I read somewhere - "If you Google search the definition of “differently-abled,” the immediate result is a one-word answer: disabled. Nothing more, nothing less. One simple explanation."
It has been 3 yrs 8 months, since we found that our son was specially abled.
Specially abled.. not differently abled.
Life had shifted so drastically after that, it has turned us around as humans. We started reading hectically trying to understand, what can be done.
So many suggestions, so much confusion.
While every one talks of shades of grey, when it comes to the matters of the brain (or heart for that matter), people prefer a simple binary response.
Is your child normal? Yes or No.
I always ask, define normal... There is so much different character is every child, that there is no one type that fits all.
The Brain, as we understand now, and its growth is a multi-dimensional structure. Growth has many parameters - motor skills, cognitive behaviour, social interactions, verbal skills, communication skills, and a whole lot more.
However, this understanding and empathy towards same is strangely absent in the present world. Whenever they see a special child, the look is of pity/disgust/irritation.
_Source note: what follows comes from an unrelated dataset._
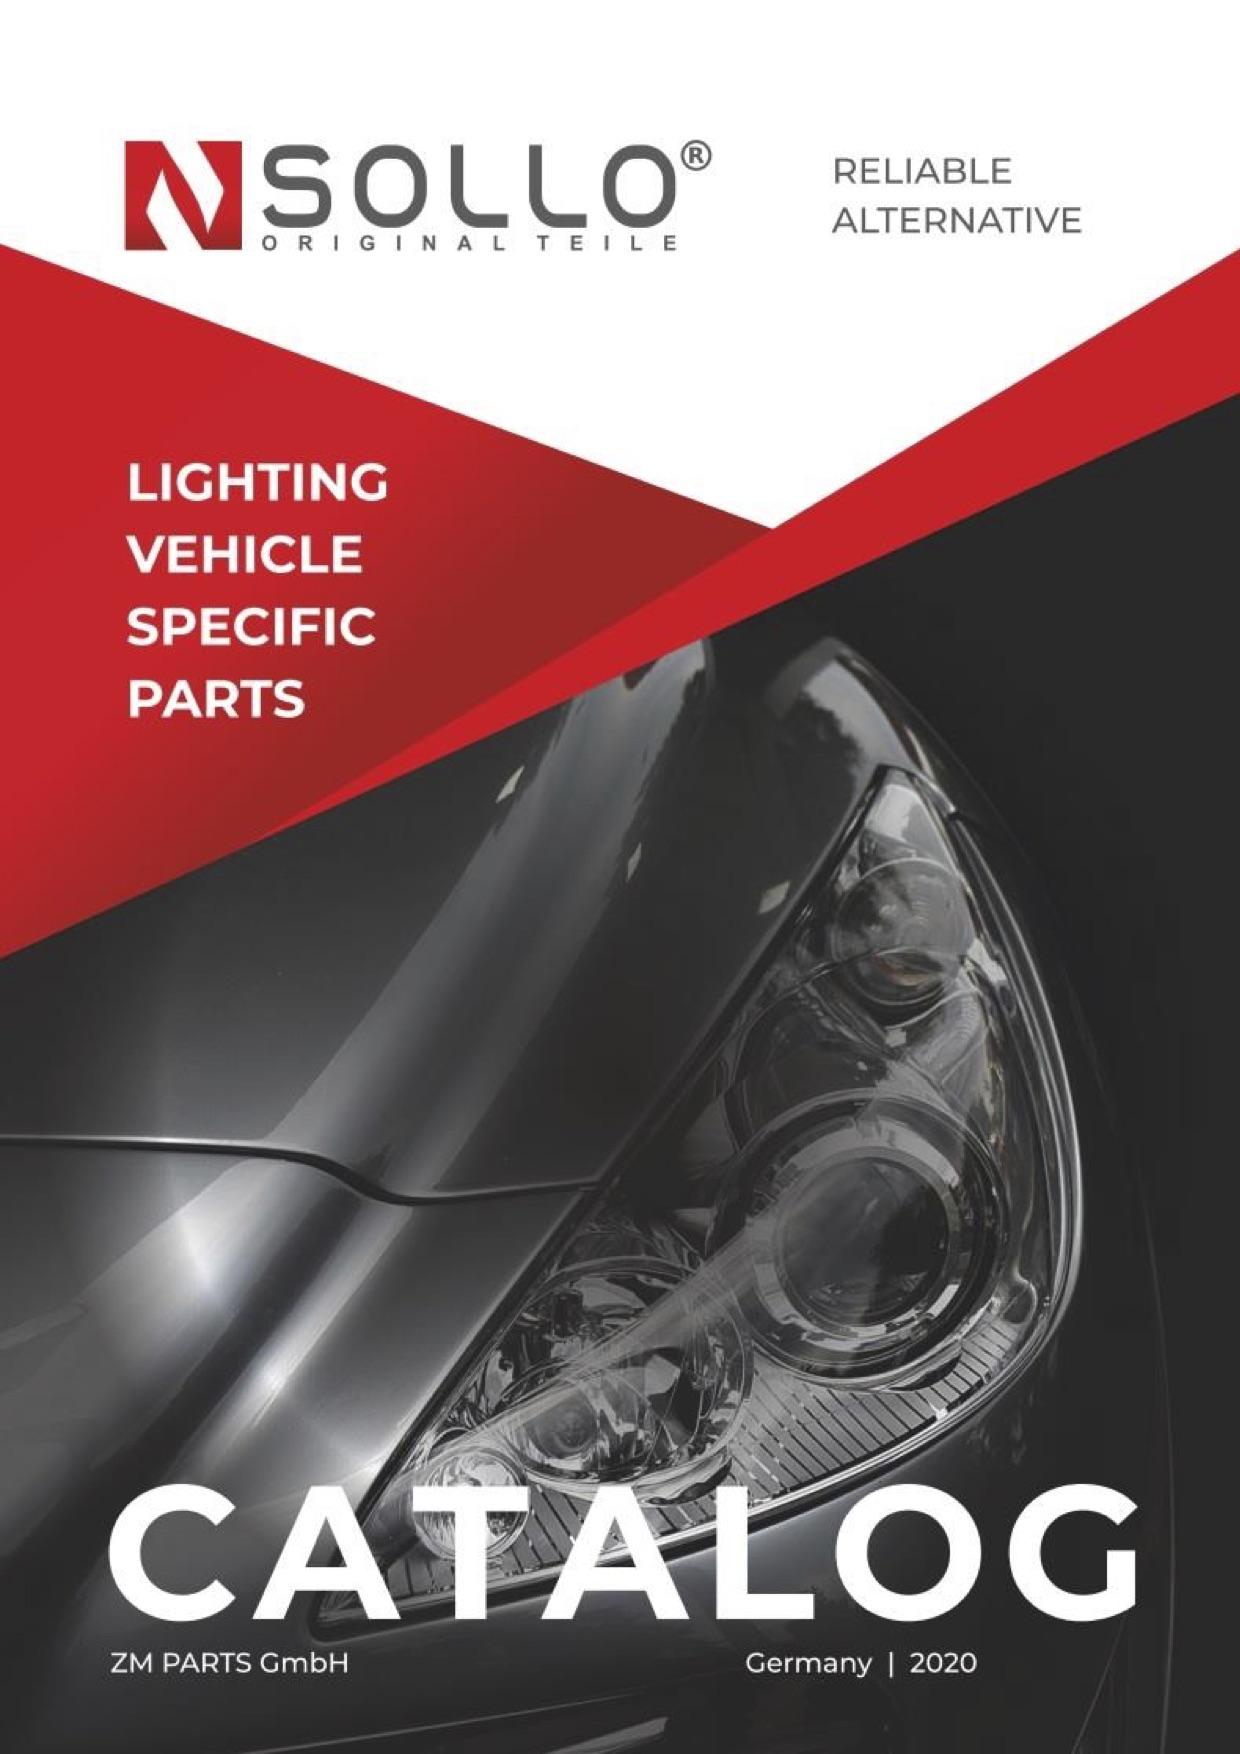 SOLLO_CATALOG_2020_Lighting_Vehicle_Specific_Parts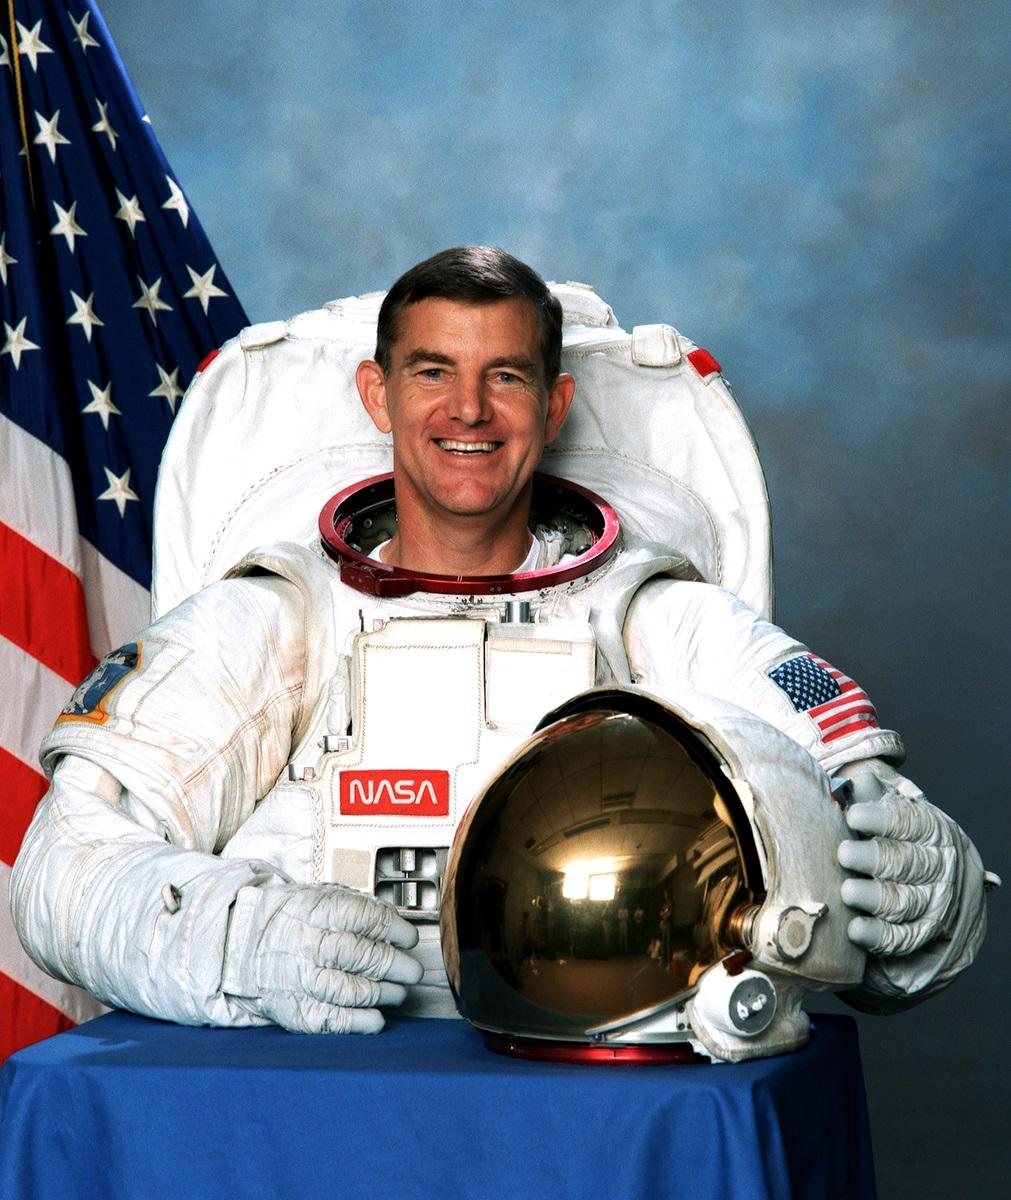 longest serving astronaut in space - photo #24

Not many people try to observe the struggle the parents go through, their frustrations, their fight to retain sanity and to compete and perform in the world, when their inner worlds are crumbling. Working on rebuilding their confidence and hope every day, day after day.
Submerge their own frustrations and yearning when they see other kids play and interact with others, hold sparkling conversations with adults or sing/showcase their talents.
Or hold their anger, when some condescending words get thrown at them by strangers and relatives alike.